The models work best in browser environments, but people are experimenting with them in diverse environments like iPhone screenshots and Android [30:37:00].
Future of AI Tools and Infrastructure
- API Design Agent: A desired agent is one that can design APIs, leveraging deep research into best practices and fine-tuning on preferred APIs [02:22:00].
- Tool Ecosystem: There is a need to build a robust tool ecosystem on top of foundational APIs like the responses API, which focuses on multi-turn model interactions and tool calls [29:42:00].
- Verticalized AI Infrastructure: Opportunities exist for specialized AI infrastructure companies providing VMs tailored for specific verticals (e.g., coding AI startups requiring rapid VM spin-up/spin-down) [28:23:00].
- LLM Ops Companies: Companies helping developers manage prompts, billing, and usage across multiple models and providers (e.g., OpenRouter) are valuable [28:51:00].

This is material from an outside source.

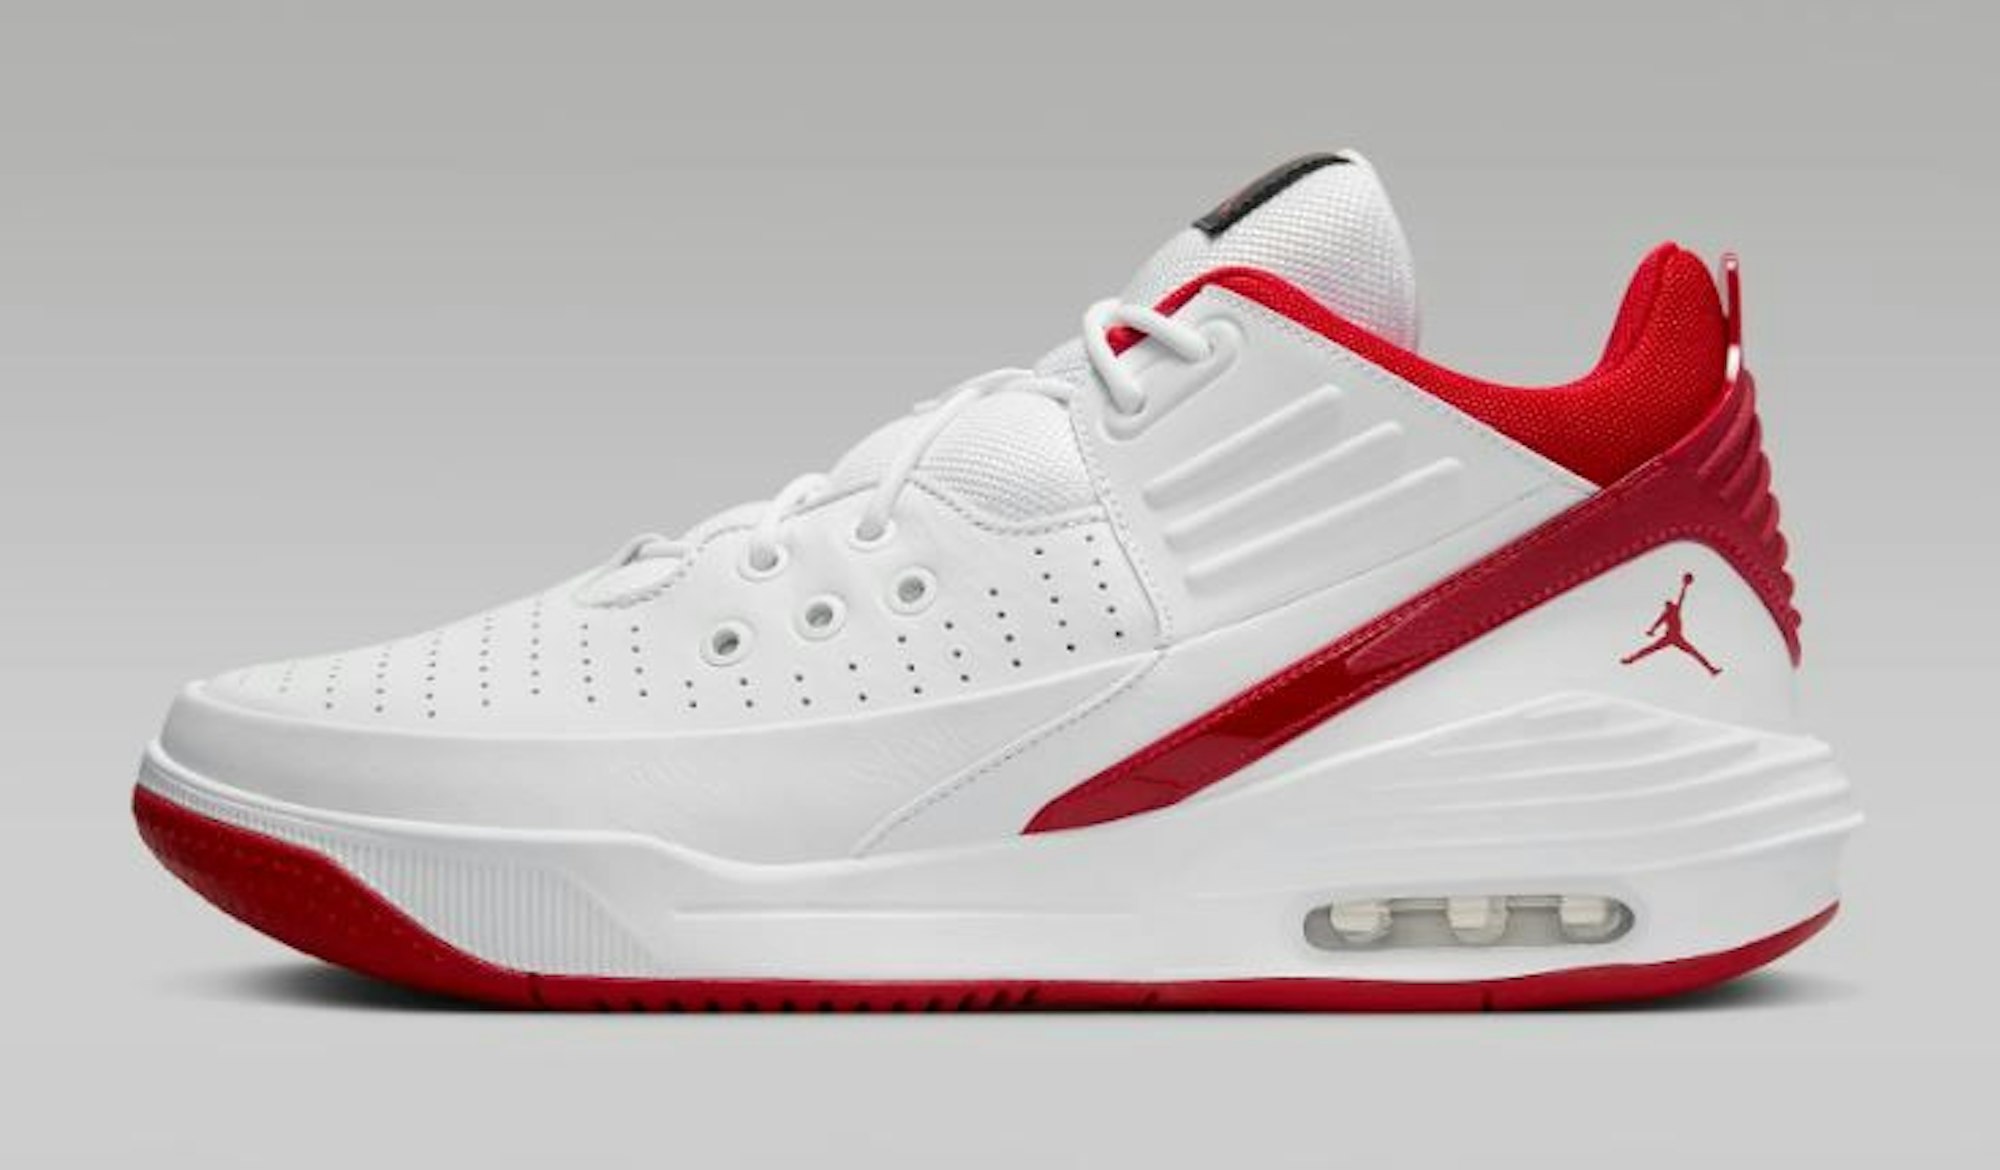 NIke Jordan Max Aura 5 Sneaker in weiß Rot.

Differentiators for Application Builders
The biggest differentiator for application builders in the long term will be their ability to orchestrate tools and data with multiple model calls, evaluate results quickly, and continuously improve their applications [41:02:00]. This includes leveraging reinforcement fine-tuning for tools within a chain of thought or chaining together multiple LLMs [41:17:00].
Under-explored Applications
Areas with significant untapped potential include:
- Scientific Research: Expecting a step change in the speed of scientific discovery [41:41:00].
- Robotics: Poised for major advancements driven by these models [42:19:00].
- Travel Industry: The creation of a truly effective AI travel agent remains an under-explored, though frequently cited, application [42:54:00].
Outlook
Model progress in the coming year is expected to be even greater than last year, driven by a feedback loop where models teach developers how to improve them with better data [42:33:00]. The focus is on making the evaluation to production to fine-tuning loop much simpler and faster [35:01:00].